# What to work on:
Print the lines in the listing below that fall between the line with "This item is" and the line with "Rug hooking is", those two lines included, exactly as they stand and with nothing else.

[Records for processing Boundary: Start]

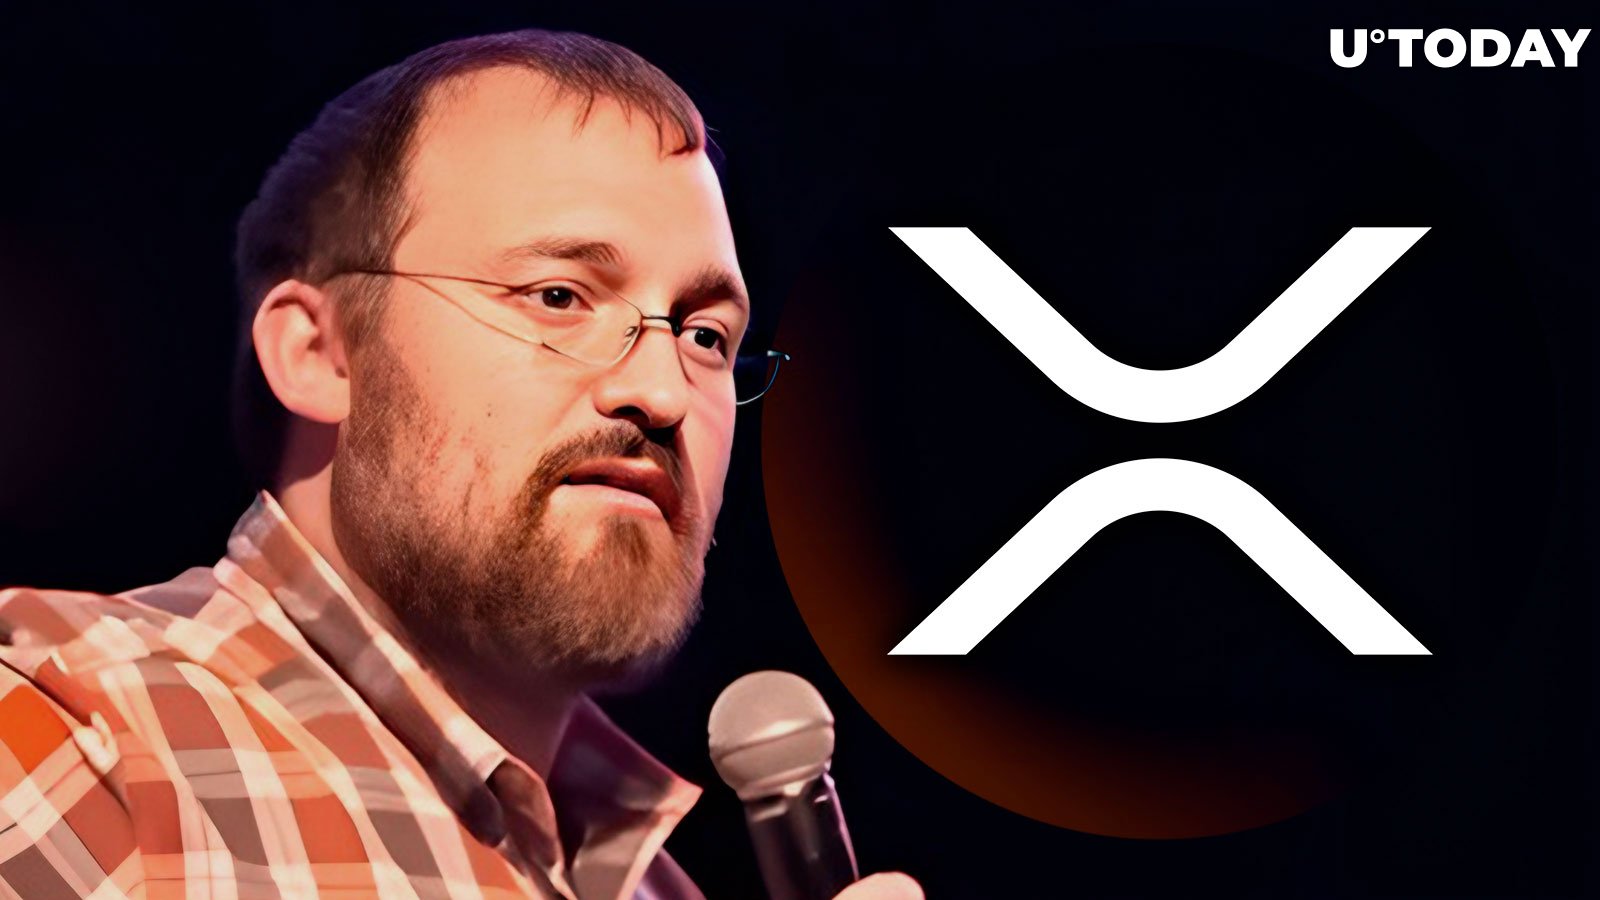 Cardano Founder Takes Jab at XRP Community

[Records for processing Boundary: End]
[Records for processing Boundary: Start]

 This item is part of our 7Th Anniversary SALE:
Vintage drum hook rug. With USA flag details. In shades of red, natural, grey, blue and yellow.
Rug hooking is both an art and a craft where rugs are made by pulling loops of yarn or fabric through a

[Records for processing Boundary: End]
[Records for processing Boundary: Start]

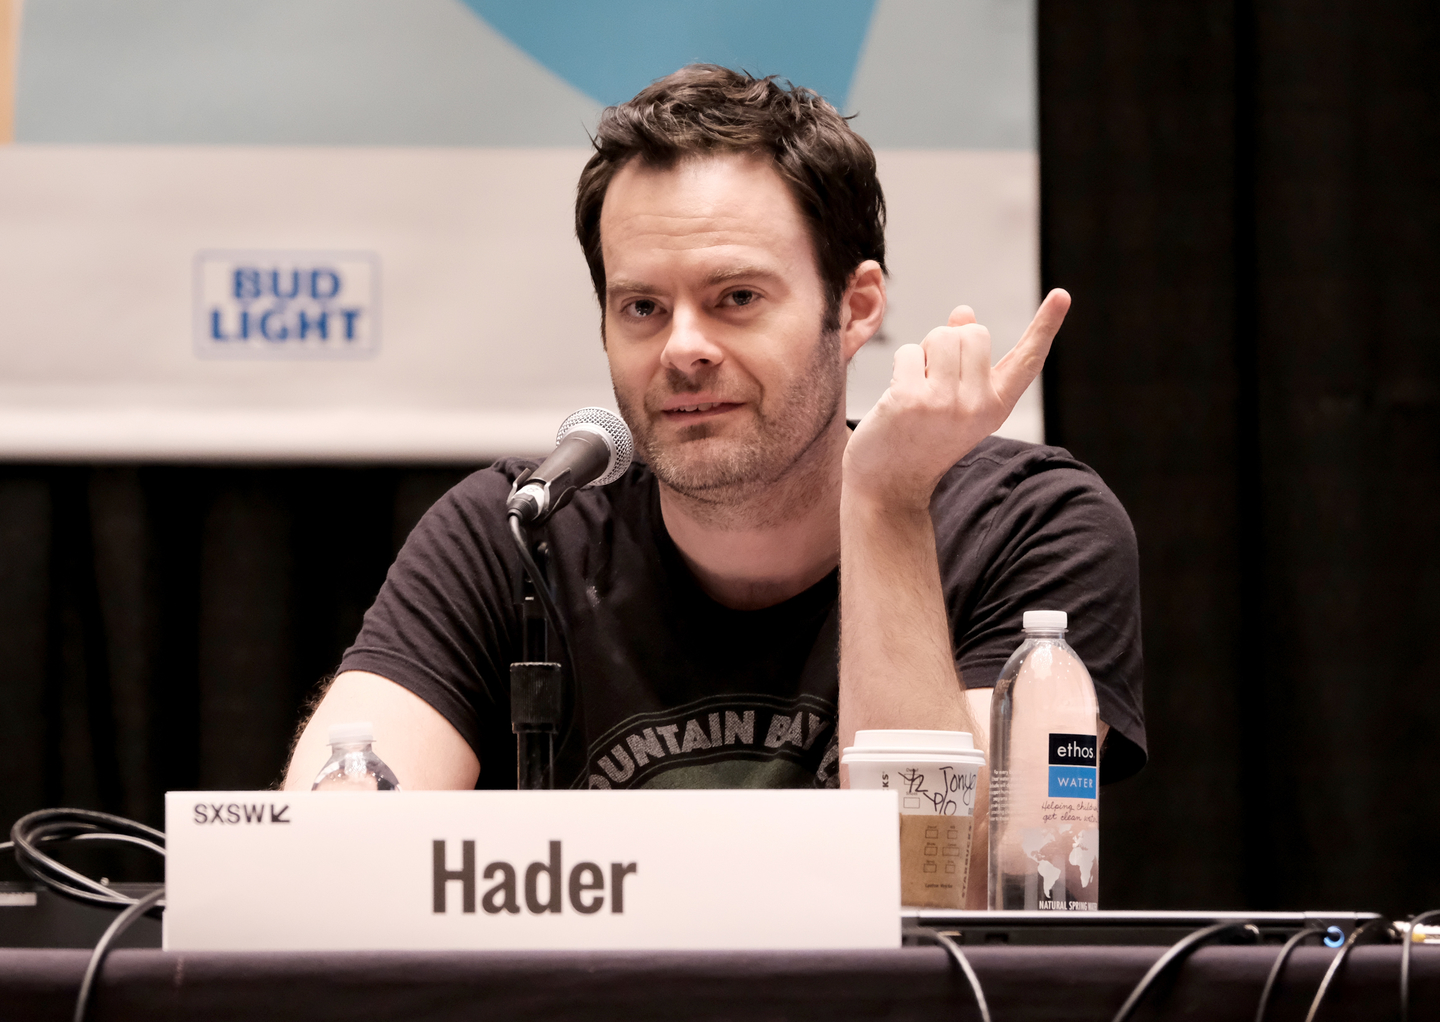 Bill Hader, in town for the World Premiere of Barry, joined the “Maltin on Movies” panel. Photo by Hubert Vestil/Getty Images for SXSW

[Records for processing Boundary: End]

# Reply:
 This item is part of our 7Th Anniversary SALE:
Vintage drum hook rug. With USA flag details. In shades of red, natural, grey, blue and yellow.
Rug hooking is both an art and a craft where rugs are made by pulling loops of yarn or fabric through a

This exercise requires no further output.